Foreword by Ivan Klima
Czech writer Vitezslav Nezval (1900-58) was one of the leading Surrealist poets of the 20th century. Prague with Fingers of Rain is his classic 1936 collection in which Prague’s many-sided life – its glamorous history, various weathers, different kinds of people – becomes symbolic of what is contradictory and paradoxical in life itself. Mixing real and surreal, Nezval evokes life’s contradictoriness in a series of psalm-like poems of puzzled love and generous humanity.
Nezval was perhaps the most prolific writer in Prague during the 1920s and 30s. An original member of the avant-garde group of artists Devetsil (Butterbur, literally: Nine Forces), he was a founding figure of the Poetist movement. His numerous books included poetry collections, experimental plays and novels, memoirs, essays and translations. His best work is from the interwar period. Along with Karel Teige, Jindrich Štyrský, and Toyen, Nezval frequently travelled to Paris, engaging with the French surrealists. Forging a friendship with André Breton and Paul Éluard, he was instrumental in founding The Surrealist Group of Czechoslovakia in 1934 (the first such group outside of France), serving as editor of the group’s journal Surrealismus.
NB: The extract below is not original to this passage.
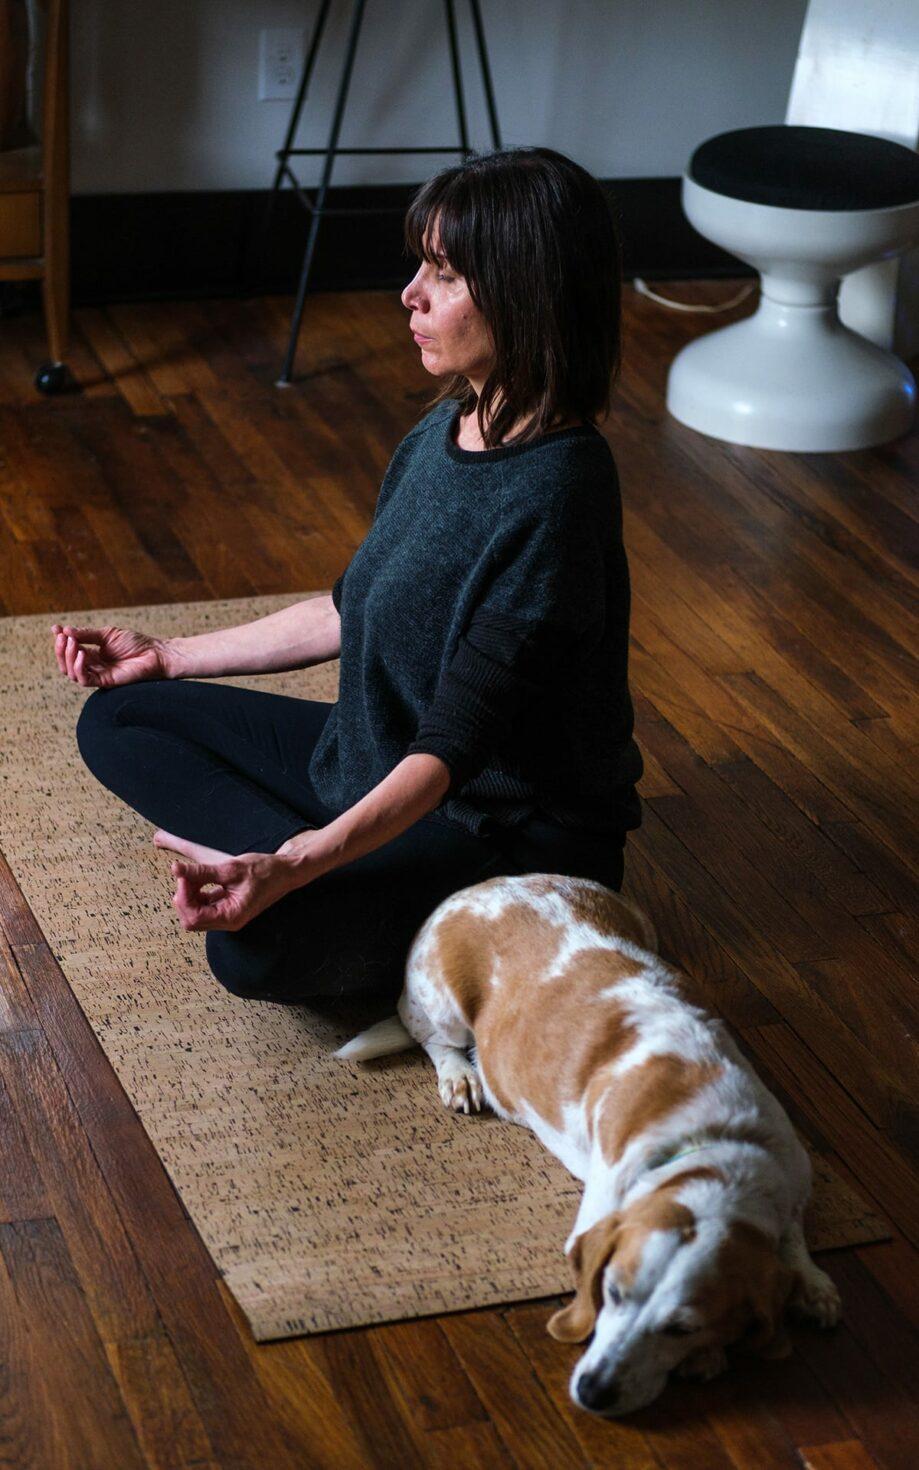 A woman meditating next to a sleeping dog

His mastery of language and prosody was unparalleled – contemporaries referred to it as wizardry. Alongside with surrealist poetry he wrote poems that sounded like genuine folksongs and for some time he teased the Czech literary public by the anonymous publication of three books attributed to a fictitious Robert David – one of 52 Villonesque ballades, another of 100 sonnets, all in strict classical form. His identity was guessed by the critics only because ‘no one else would be able to do that’.